In order to avoid this increased Type I error rate, we run these multiple comparisons with a modified significance level. There are several ways to do this, but the most common way is with the Bonferroni correction. Here, if we want to test at the \(100(1-\alpha)\) level of significance, we run each of our pairwise comparisons with \[\alpha^* = \alpha/K\] where \(K\) is the number of comparisons being considered. For \(k\) groups, there are \[K = \frac{k(k-1)}{2}\] possible pairwise comparisons.
For these comparisons, we use a special pooled estimate of the standard deviation, \(s_{\text{pooled}}\) in place of \(s_1\) and \(s_2\): \[\text{standard error} = \sqrt{\frac{s_{\text{pooled}}^2}{n_1} + \frac{s_{\text{pooled}}^2}{n_2}}\] Other than changing \(\alpha\) to \(\alpha^*\) and the standard error to this new formula, the test is exactly the same as that discussed in the previous section.

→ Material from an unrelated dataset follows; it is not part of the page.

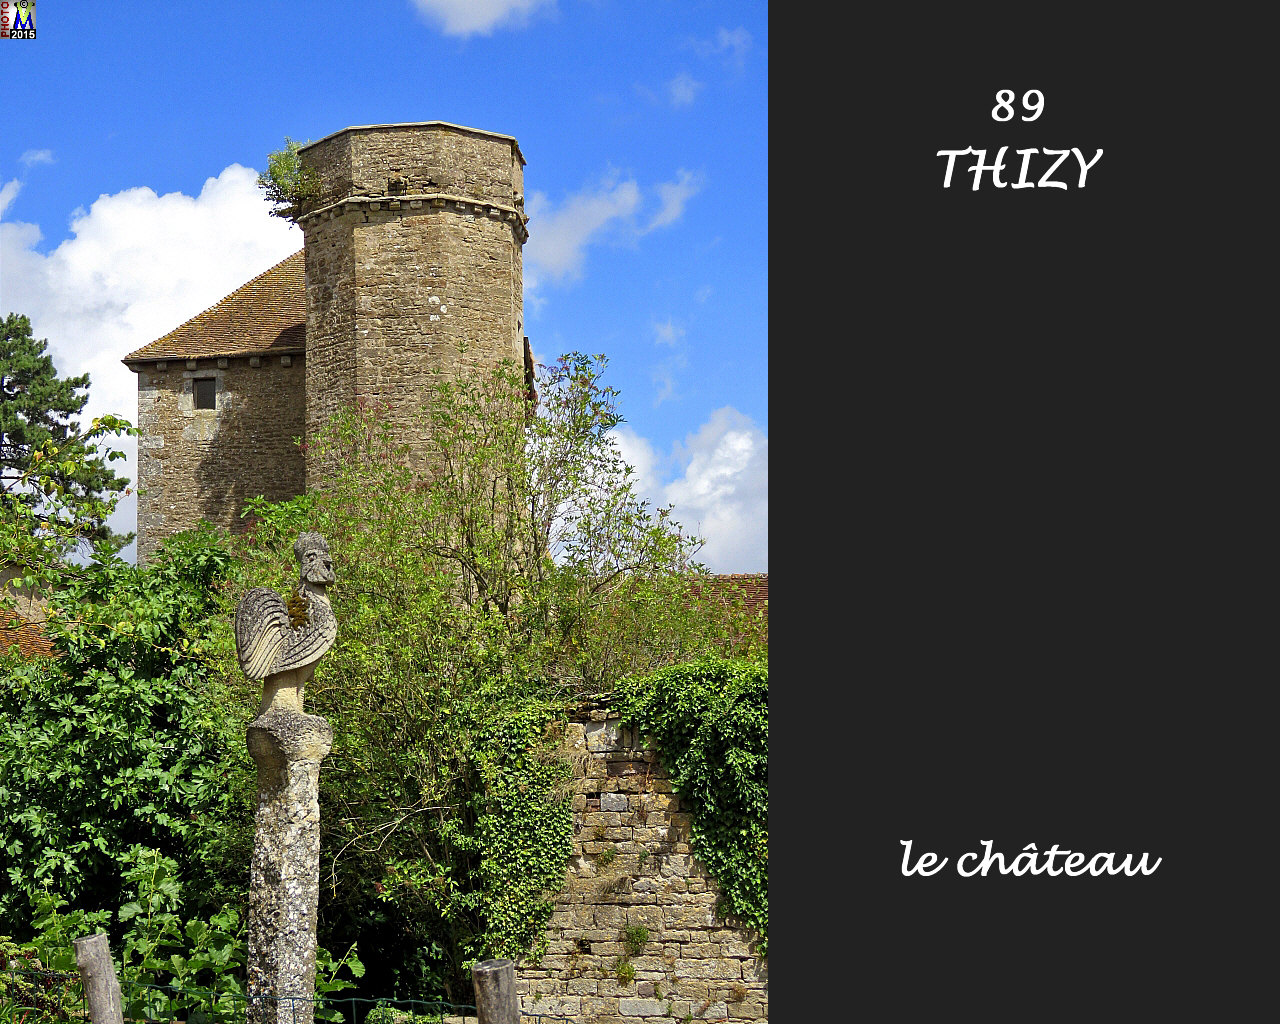 89THIZY_chateau_108.jpg

Note that \[s_{\text{pooled}} = \sqrt{MSE}\] and the degrees of freedom is \(df_E\).
Example: chick weights
Let’s extend our discussion on the chick weights to multiple comparisons. Since we were able to conclude that at least one feed has a weight that differs, we want to find out where the difference(s) lie!
We will test all possible pairwise comparisons. This will require \(K = \frac{6(6-1)}{2} = 15\) tests. The pooled standard deviation is \(s_{pooled} = \sqrt{3009} \approx 54.85\). Let’s walk through the test of casein \((\bar{x}_1 = 323.58, n=12)\) vs horsebean \((\bar{x}_2 = 160.20, n=10)\):
- \(H_0: \mu_1 = \mu_2\)
- \(H_A: \mu_1 \ne \mu_2\)
The estimated difference and standard error are \[\bar{x}_1 - \bar{x}_2 = 323.58 - 160.20 = 163.38 \quad\quad SE = \sqrt{\frac{54.85^2}{11}+\frac{54.85^2}{9}} = 25.65\] which results in a test statistic of \(t=6.37\) and a p-value of \(1.11\times10^{-8}\). We then compare this to \(\alpha^* = 0.05/15 = 0.0033\). Since the p-value of \(1.11\times10^{-8} < \alpha^* = 0.0033\), we reject the null hypothesis and conclude there is a significant difference in mean chick weight between the casein and horsebean feeds.
In order to complete the pairwise comparisons, we would then run the remaining 14 tests. I will leave this as an optional exercise for the particularly motivated student.
Note: occasionally, we may reject \(H_0\) in the ANOVA but may fail to find any statistically significant differences when performing multiple comparisons with the Bonferroni correction. This is ok! It just means we were unable to identify which specific groups differ.